Os preços dos aluguéis residenciais no Brasil avançaram 1,04% em abril, segundo o levantamento do Índice FipeZAP, e passaram a pressionar com mais intensidade o orçamento das famílias. A alta acelerou em relação a março, quando o aumento foi de 0,84%, e representa o maior crescimento mensal desde abril de 2025, quando o índice subiu 1,25%.

Em abril, o reajuste do aluguel ficou acima tanto da inflação ao consumidor, medida pelo IPCA (0,67%), quanto da valorização dos preços de venda de imóveis residenciais (0,51%), mostrando que o mercado de locação está mais aquecido que o de compra e venda.

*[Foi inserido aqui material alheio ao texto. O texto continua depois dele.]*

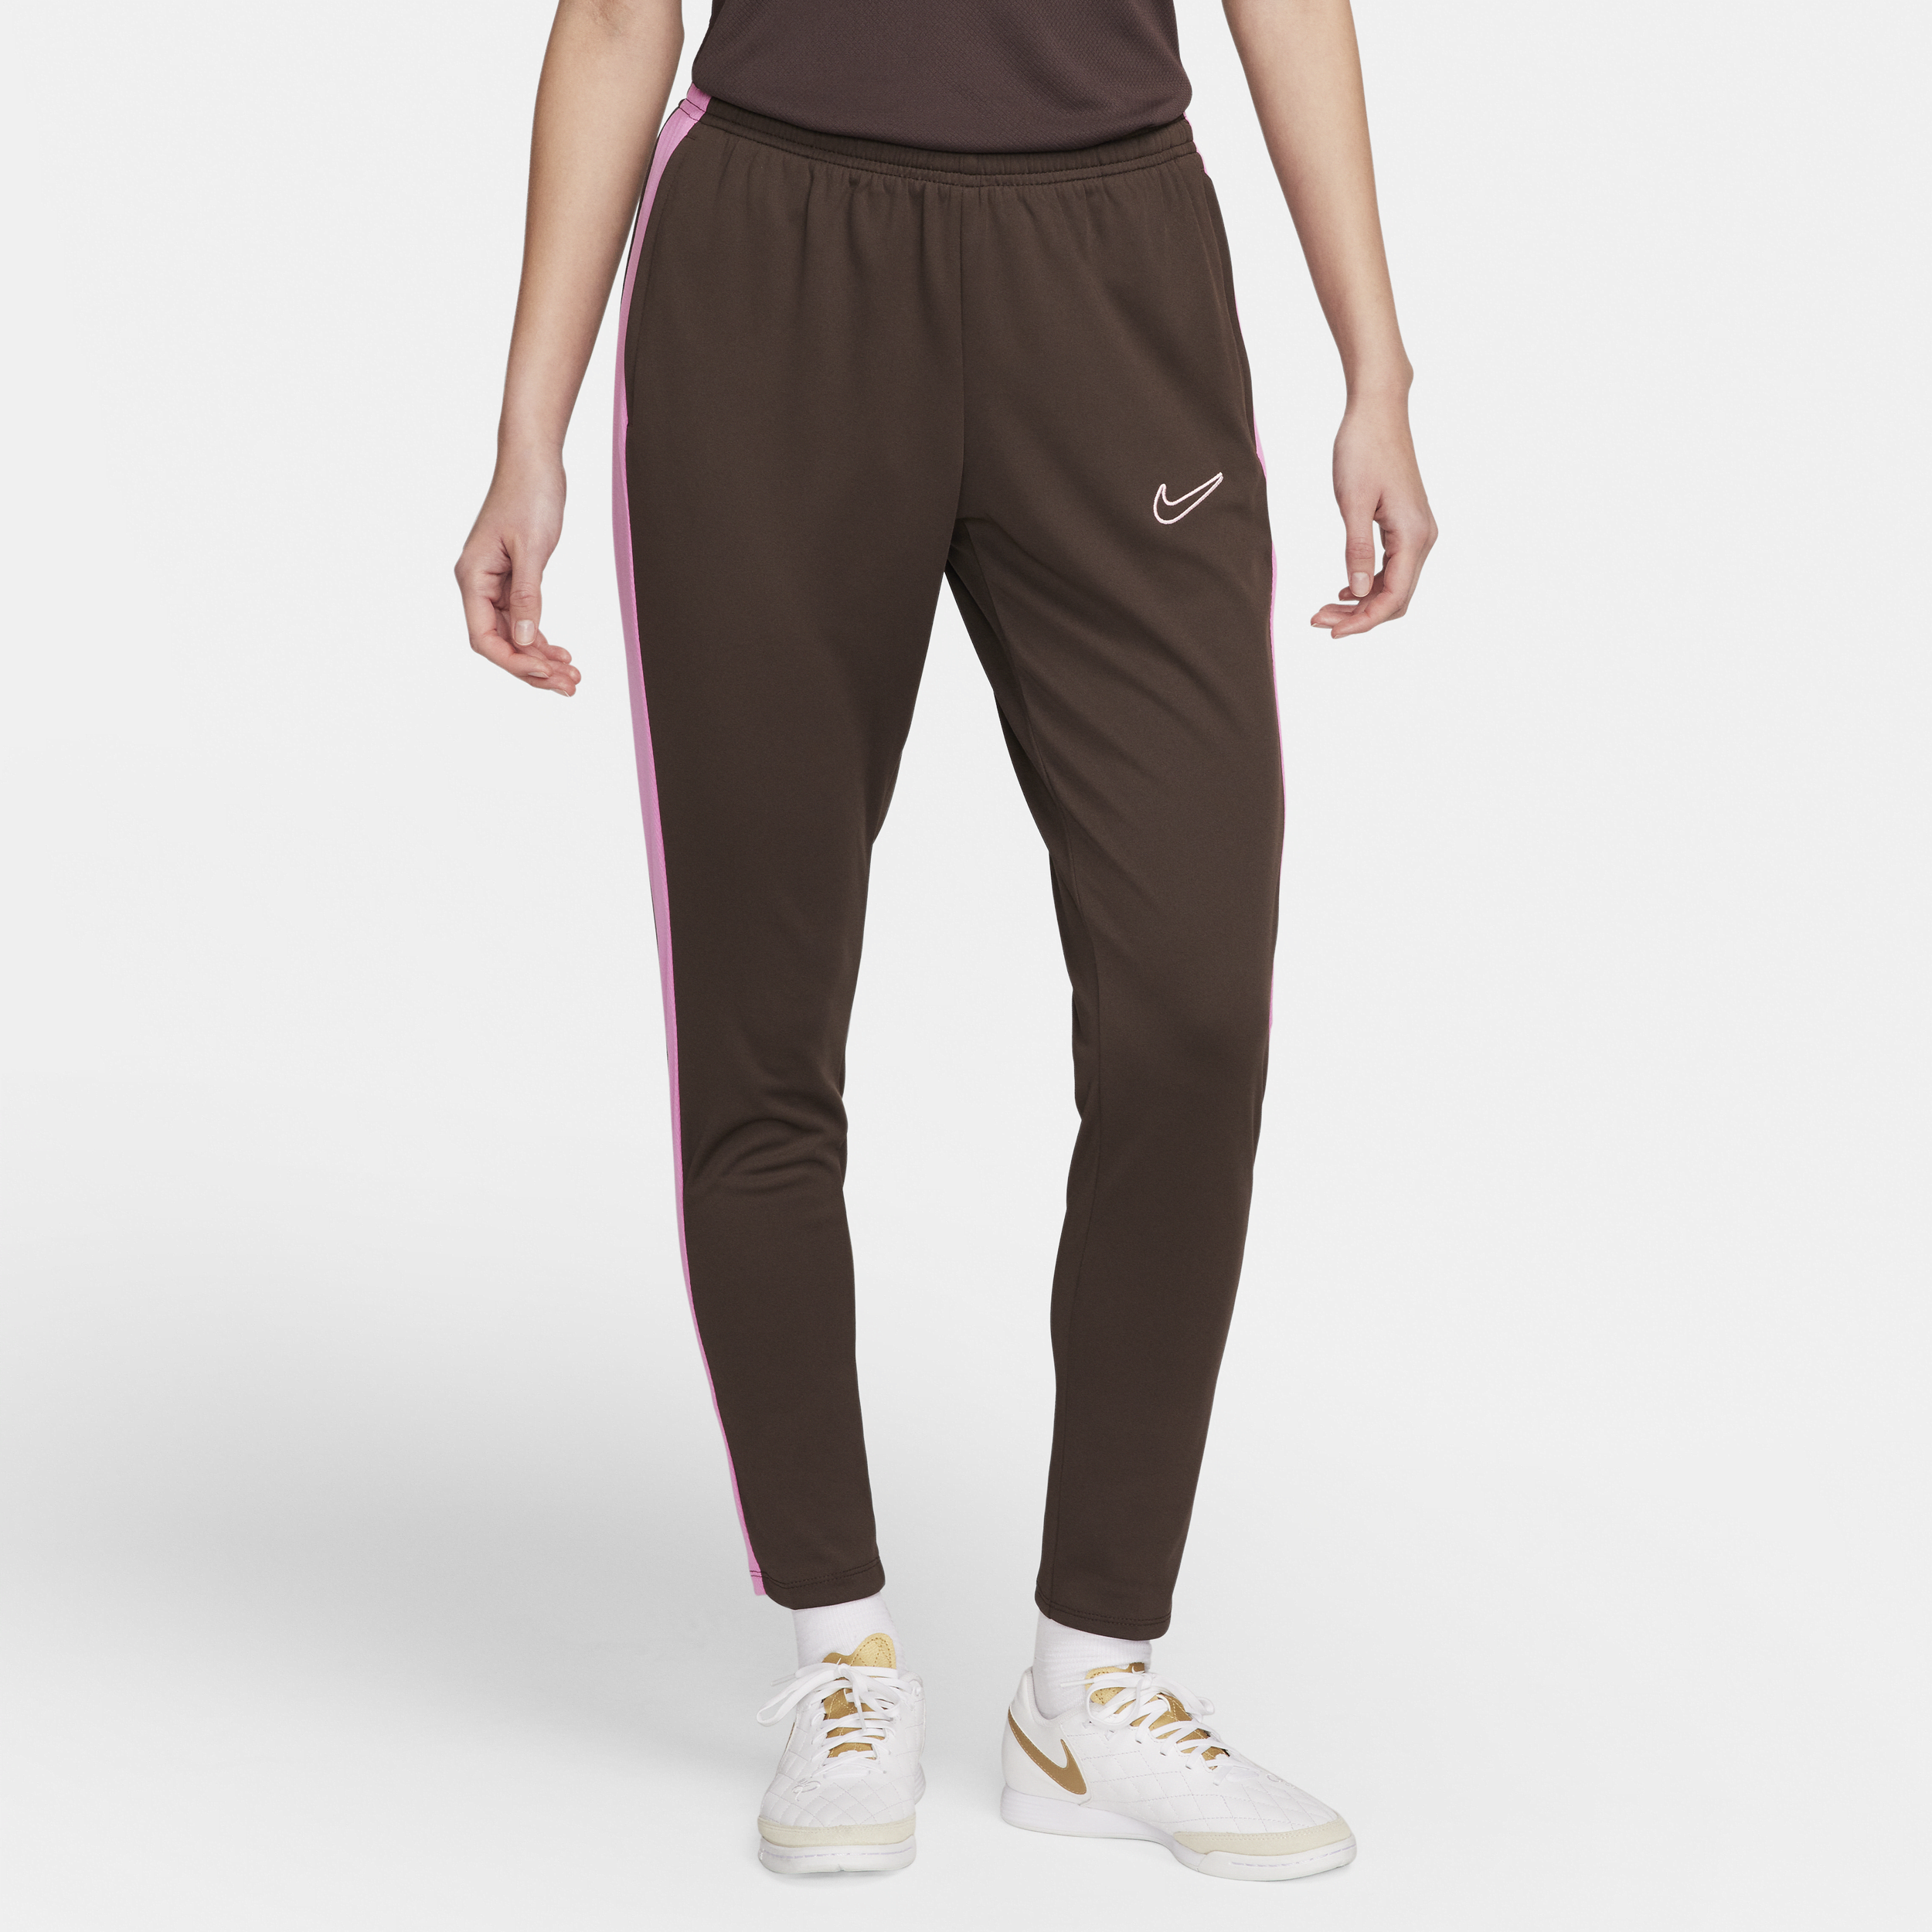 Nike Women's Dri-fit Academy Soccer Pants In Brown

O movimento ocorre num contexto de inflação e juros elevados, fatores que limitam o acesso ao crédito imobiliário e tornam a aquisição de imóvel mais difícil para muitos. Com o financiamento mais caro, o aluguel segue como alternativa para quem não consegue comprar, elevando a demanda por locação e pressionando os preços.

Acumulado no ano

No acumulado de 2026 até abril, os aluguéis subiram 3,51%, acima dos 2,60% do IPCA e também do IGP-M, que ficou em 2,93%. Em 12 meses, a variação acumulada dos aluguéis foi de 8,40%, praticamente o dobro da inflação oficial no período, de 4,39%.

Regiões com maior alta

A aceleração das locações não se concentrou apenas nas capitais tradicionais. Em abril, as maiores altas mensais foram registradas em:

  • Aracaju (+3,93%)
  • Teresina (+2,14%)
  • Campo Grande (+2,00%)
  • Brasília (+1,99%)
  • João Pessoa (+1,91%)
  • Rio de Janeiro (+1,51%)

No acumulado de 12 meses, as capitais com os maiores aumentos foram:

  • Aracaju (17,71%)
  • Teresina (16,15%)
  • Cuiabá (13,77%)
  • João Pessoa (13,44%)
  • Brasília (12,09%)

Destaque por preço

São Paulo permanece como a capital com os aluguéis mais caros em termos absolutos, com média de R$ 64,20 por metro quadrado. Em seguida vêm Belém (R$ 63,43/m²), Recife (R$ 63,39/m²), Florianópolis (R$ 61,07/m²) e Rio de Janeiro (R$ 58,48/m²). No ritmo dos valores médios, um apartamento de 50 metros quadrados em São Paulo pode facilmente ultrapassar R$ 3.200 por mês, sem considerar condomínio e IPTU.

Imagem: Divulgação

Famílias menores

Por tipo de imóvel, os apartamentos de três dormitórios tiveram a maior alta em abril, de 1,14%. No entanto, em preço por metro quadrado, os imóveis compactos seguem sendo os mais caros: unidades de um dormitório registraram média de R$ 70,70 por m². Segundo o levantamento, essa dinâmica reflete mudanças no perfil das famílias, com mais pessoas morando sozinhas, casais sem filhos e maior busca por moradias menores em áreas centrais.

Rentabilidade para investidores

A rentabilidade média anual do aluguel residencial ficou em 6,08% ao ano. Apesar de representar preservação patrimonial, o estudo ressalta que esse retorno é inferior ao rendimento projetado para aplicações financeiras de referência nos próximos 12 meses, o que reduz o apelo do imóvel como fonte de renda. As maiores taxas de retorno aparecem em Recife (8,55% a.a.), Manaus (8,38% a.a.), Cuiabá (8,31% a.a.) e Belém (8,28% a.a.).

O aumento dos aluguéis em abril evidencia uma pressão crescente sobre os inquilinos e a disseminação dessa alta para cidades fora do eixo tradicional, ao mesmo tempo em que afeta decisões de compra e a atratividade do investidor no mercado residencial.